In the current study, the dicarboxylic acids (organic acid) assisted nucleation is investigated
both experimentally and theoretically. First, nucleation and partitioning theories are presented as
the theoretical framework for data analysis and explanation. Subsequently, quantum chemistry
calculations are performed to evaluate the hydrogen bonding strength of dicarboxylic acids with
common atmospheric nucleation precursors, including sulfuric acid, water, ammonia, and amines.

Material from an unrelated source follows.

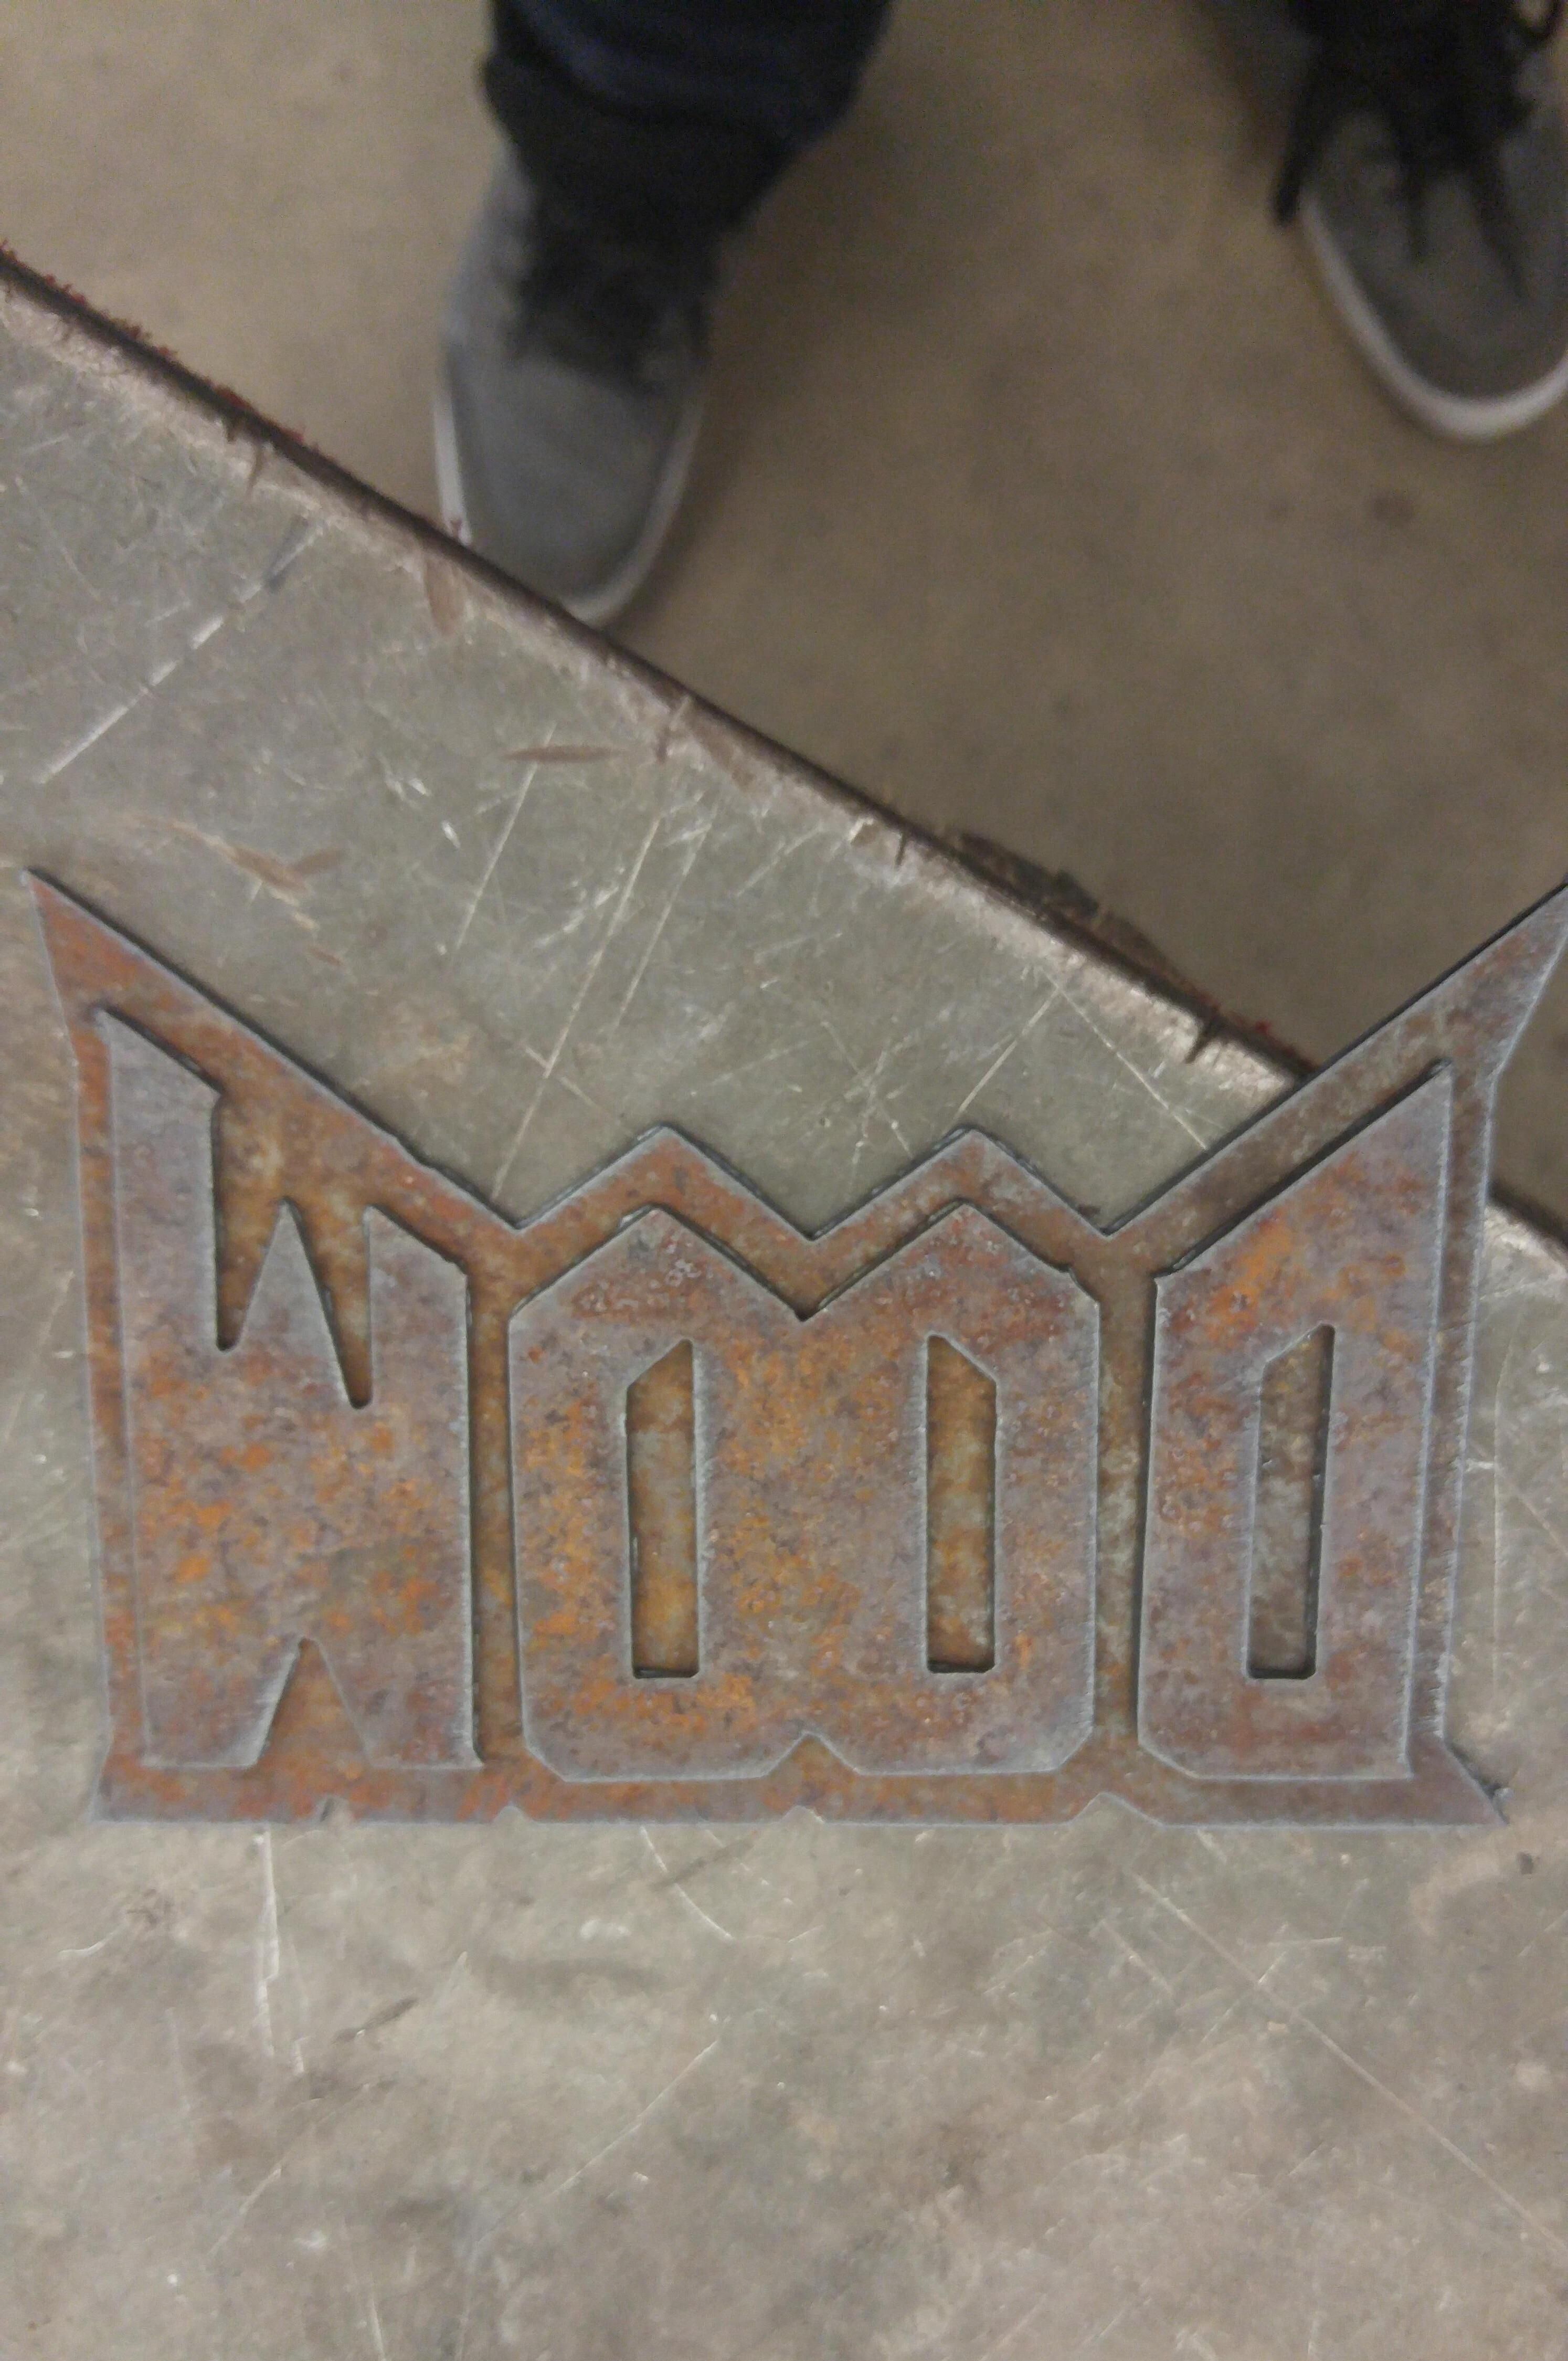 I made a Wood Logo in my woodshop class, what do you guys think? Its not done yet.

Then, succinic acid (dicarboxylic acid) assisted nucleation experiment is carried out to assess the
nucleation enhancement ability of dicarboxylic acids. Next, the growth contributions from
epoxides vapors are determined using a combination of Nano-tandem differential mobility
analyzer (n-TDMA) and thermo desorption ion drift chemical ionization mass spectrometer (TD-ID-
CIMS). Finally, the hygroscopicity and CCN properties of atmospheric polymers are
characterized.
Our results show that dicarboxylic acids bind strongly with sulfuric acid and enhance
nucleation rate by 5-13 times with a concentration of 1 ppb. Dicarboxylic acids also react with
amines under hydration to form non-volatile aminium carboxylate ion pairs, which contribute to
nanoparticles growth. The n-TDMA and TD-ID-CIMS results show that epoxides contribute to
freshly nucleated nanoparticle (sulfuric acid nanoparticles) growth through forming non-volatile
organosulfates and oligomers, which subsequently changes the cloud-forming properties of
aerosols. | en |